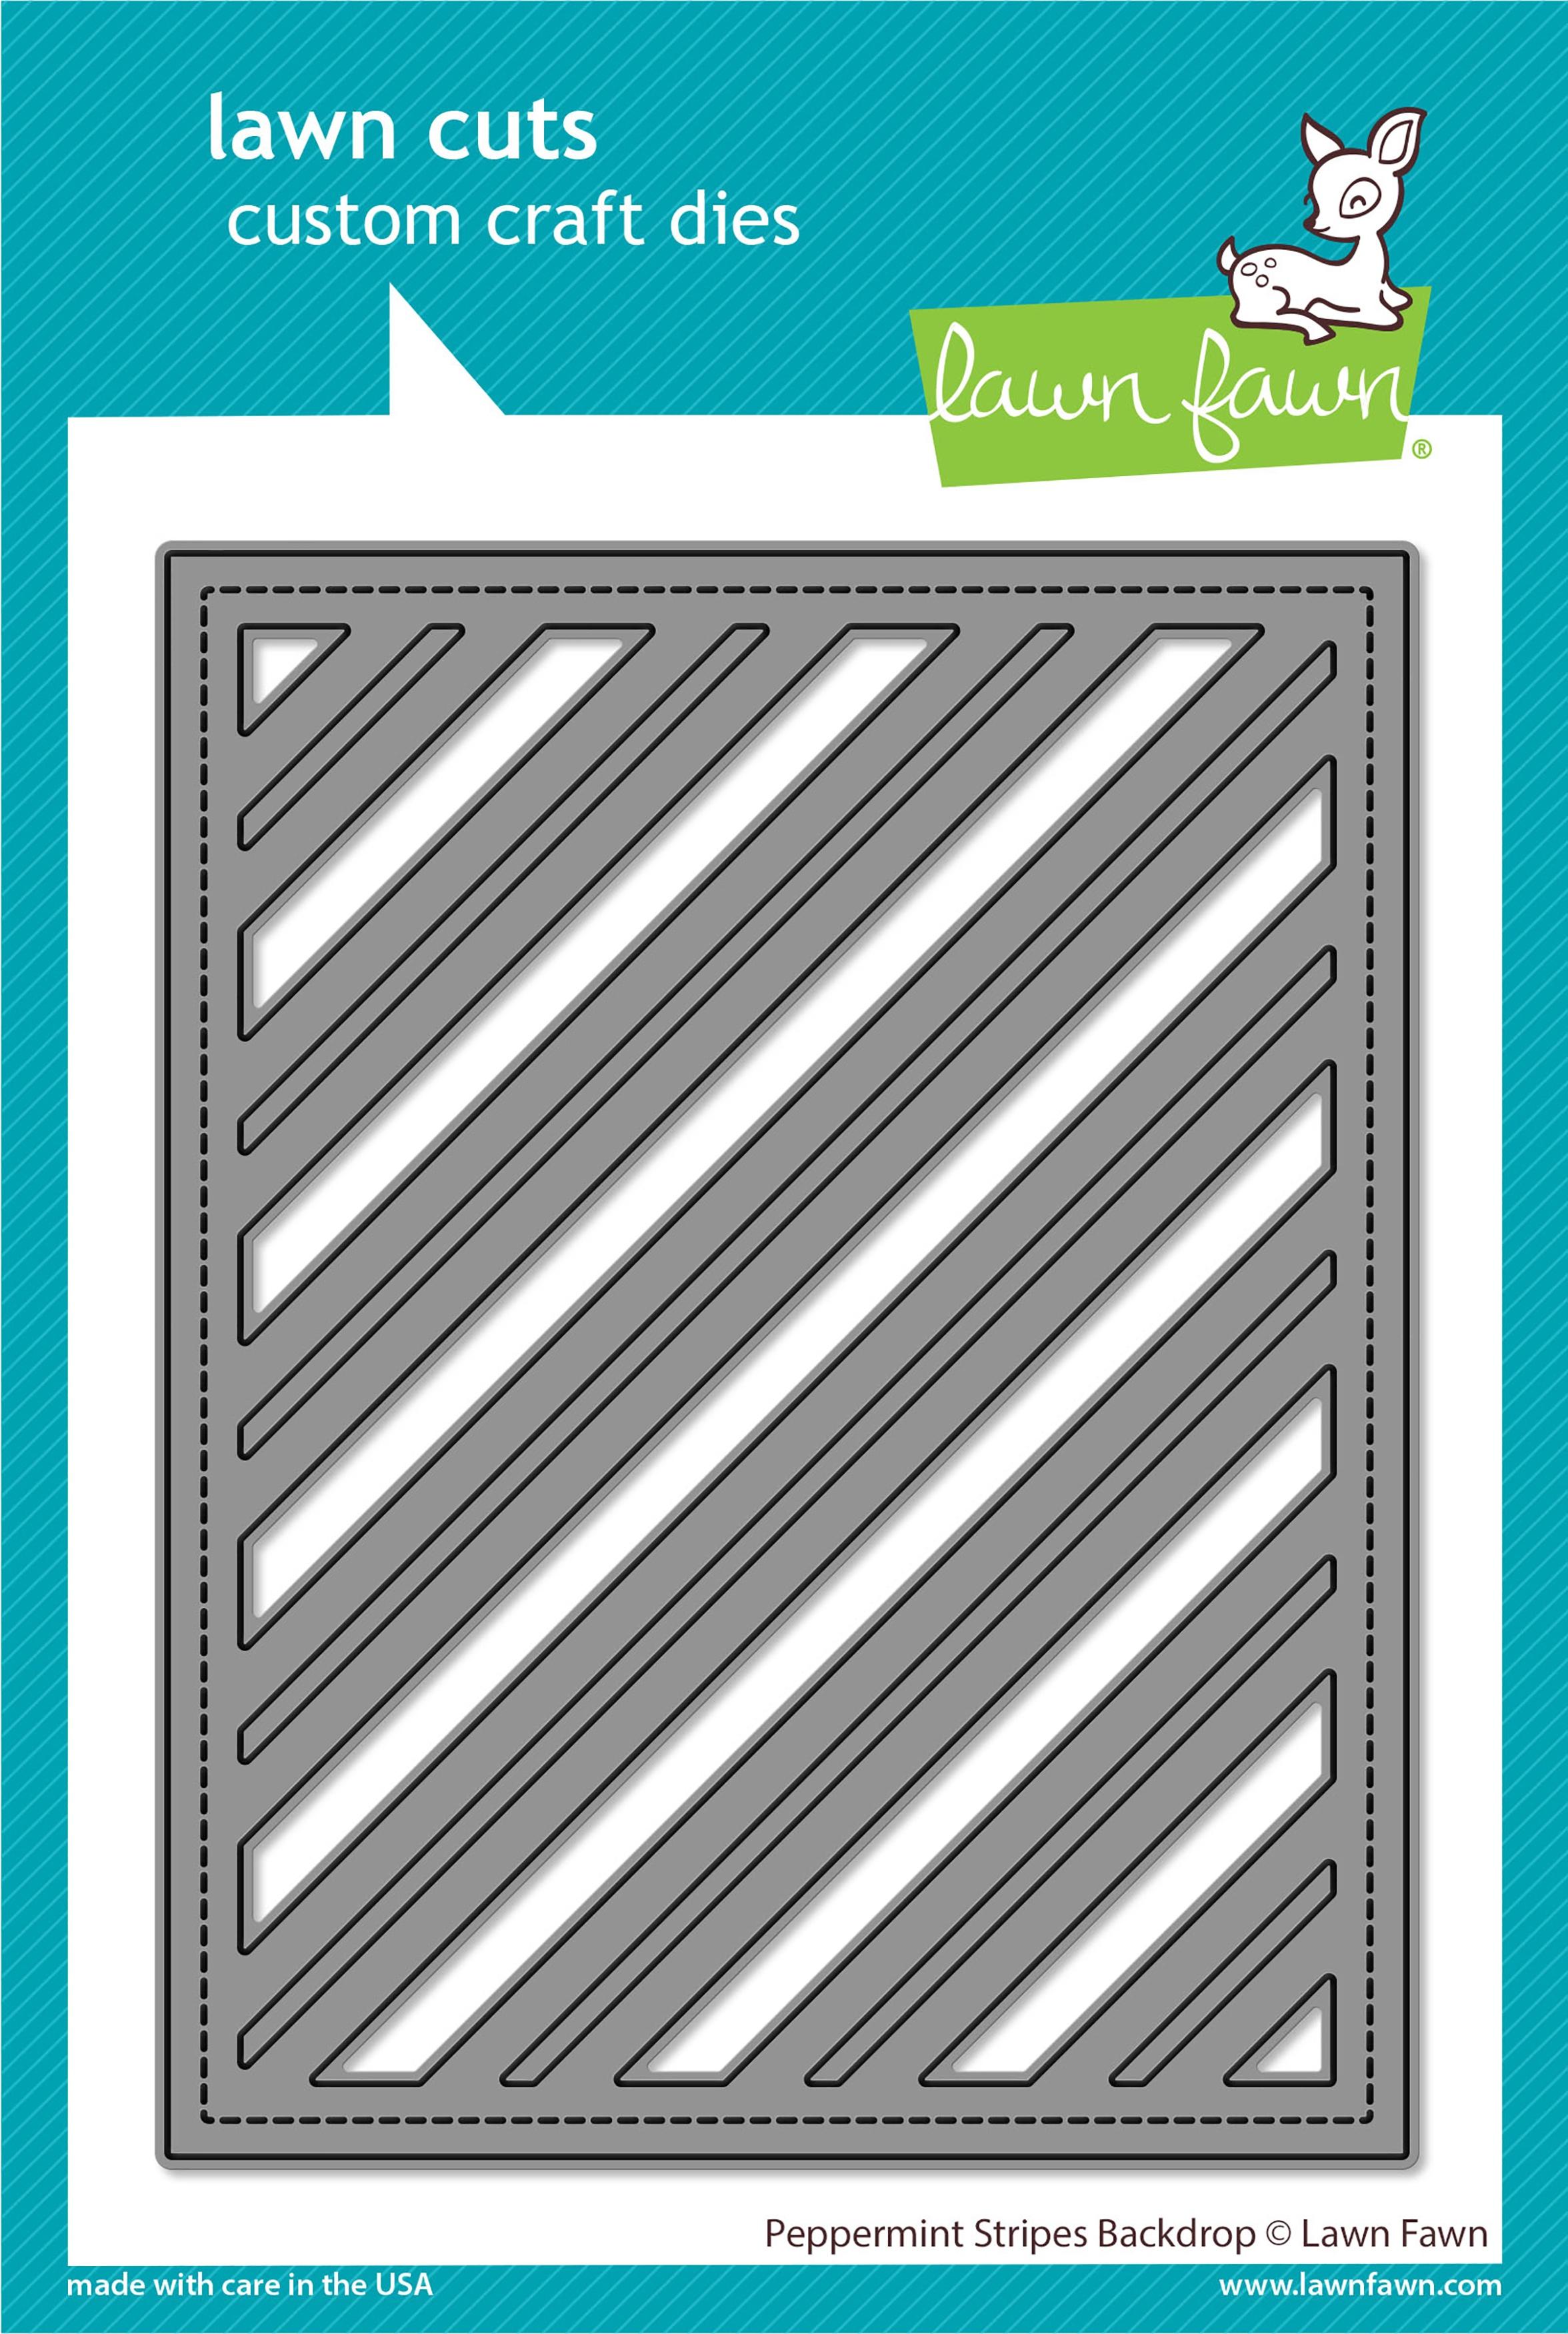 Lawn Cuts Custom Craft Die-Peppermint Stripes Backdrop
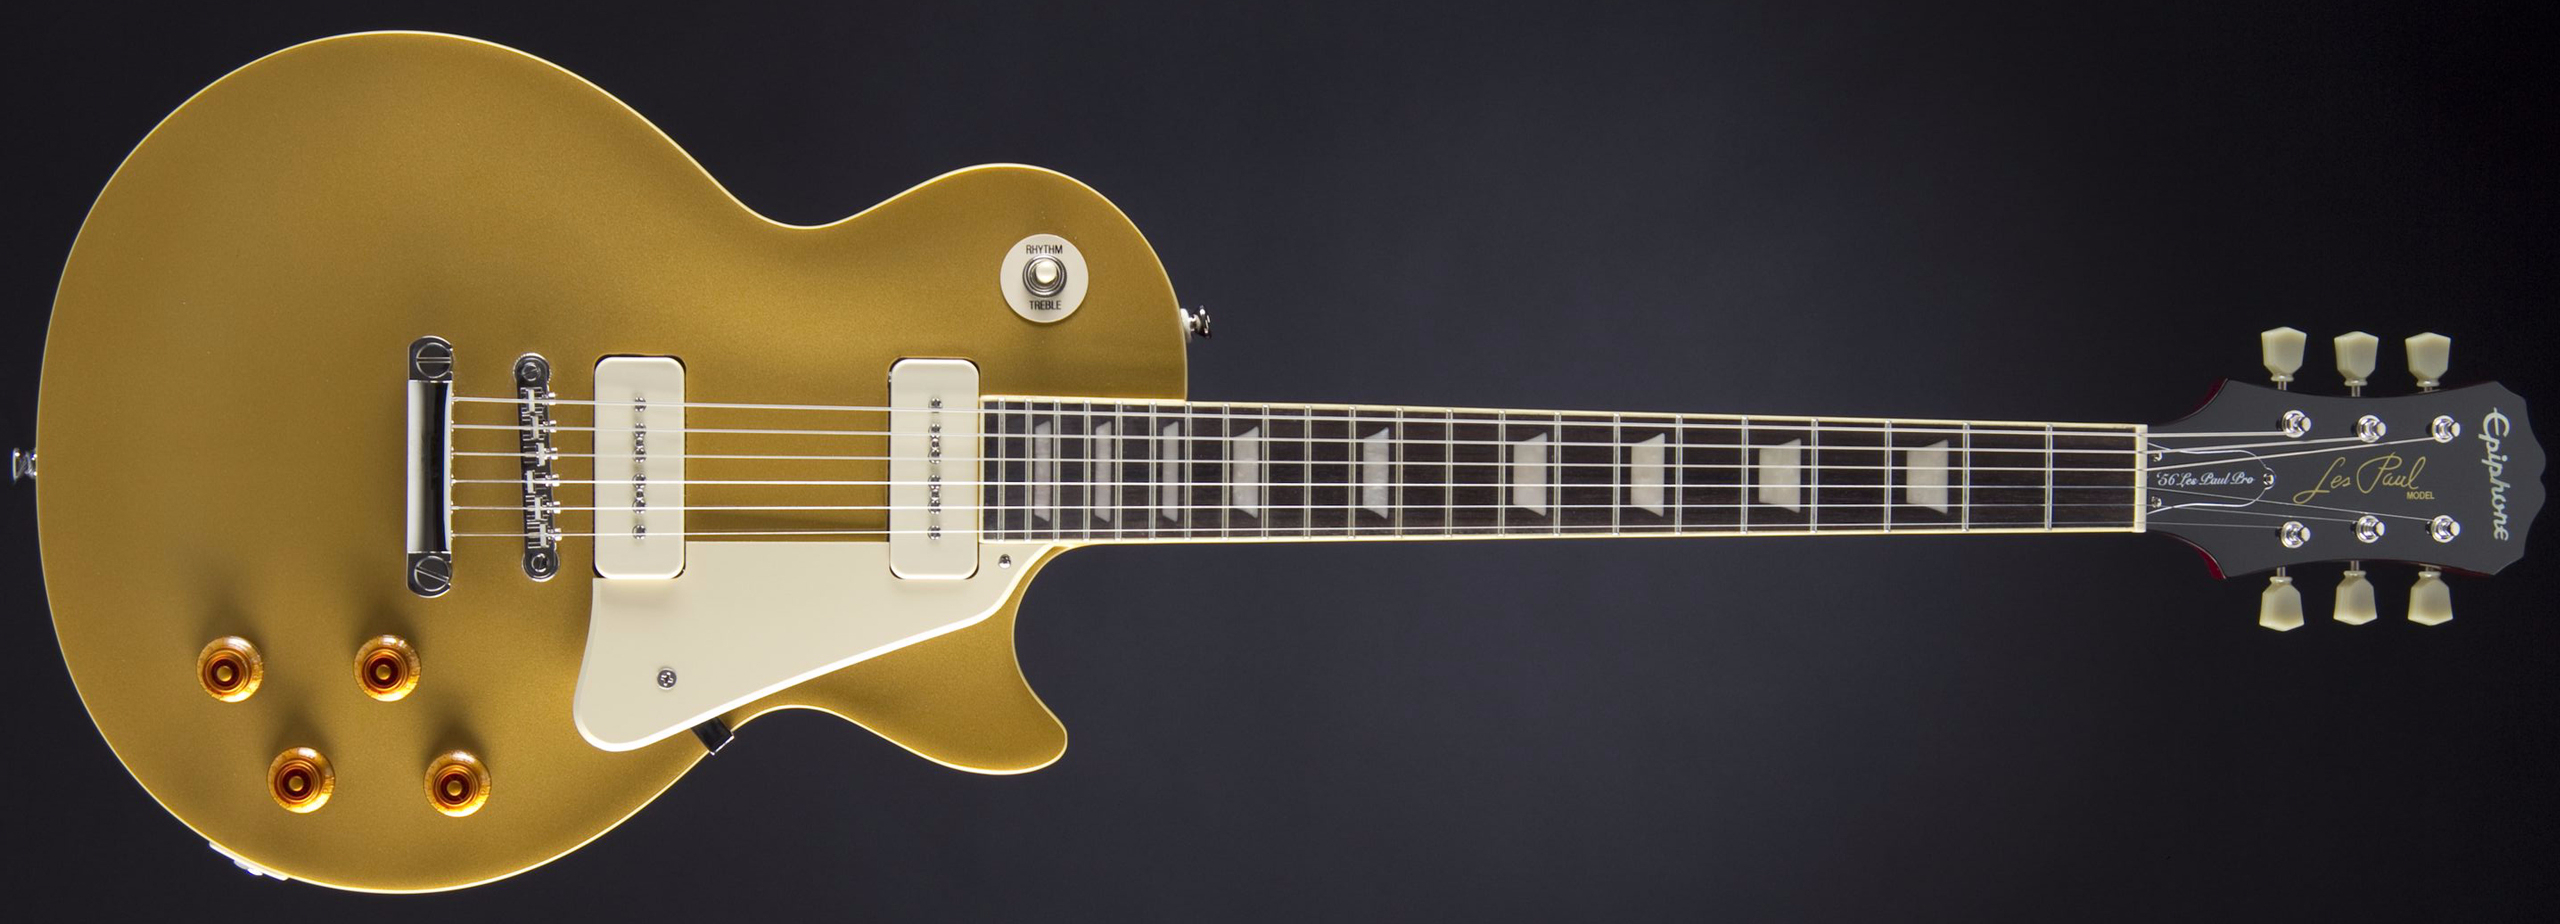 Epiphone 1956 Les Paul Standard Pro Metallic Goldtop
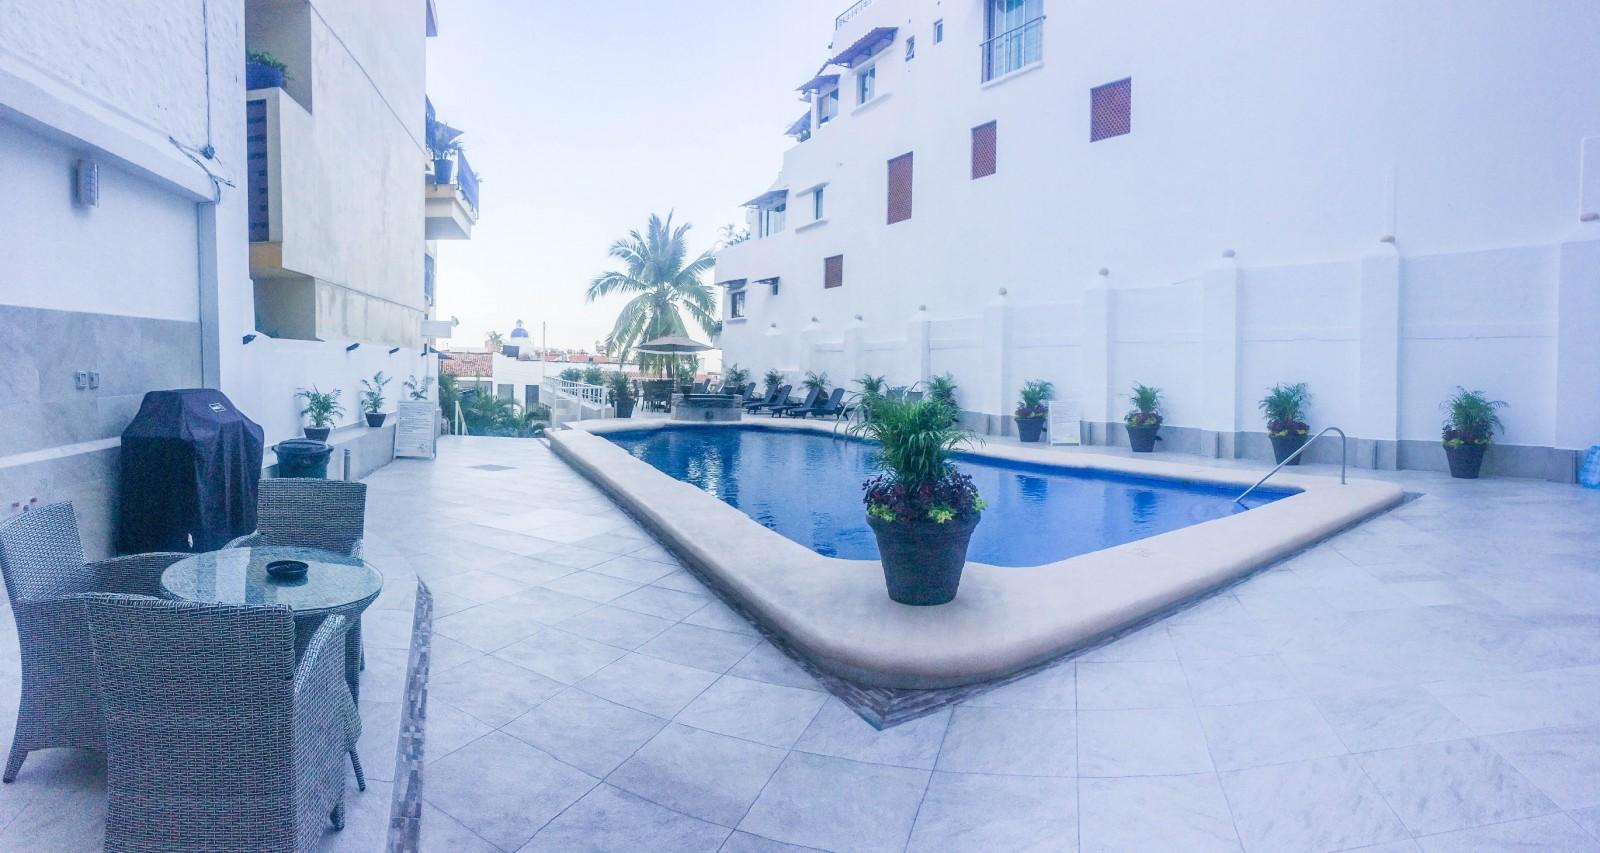 Boana Torre Malibu Puerto Vallarta Mexico Best Price Guarantee Voucher Hotel West Lake Jogja Photo

—————

Aim of the task >>
The data above must be given back verbatim, minus its images.

Solution to the exercise >>
 Lawn Cuts Custom Craft Die-Peppermint Stripes Backdrop
 Epiphone 1956 Les Paul Standard Pro Metallic Goldtop
 Boana Torre Malibu Puerto Vallarta Mexico Best Price Guarantee Voucher Hotel West Lake Jogja Photo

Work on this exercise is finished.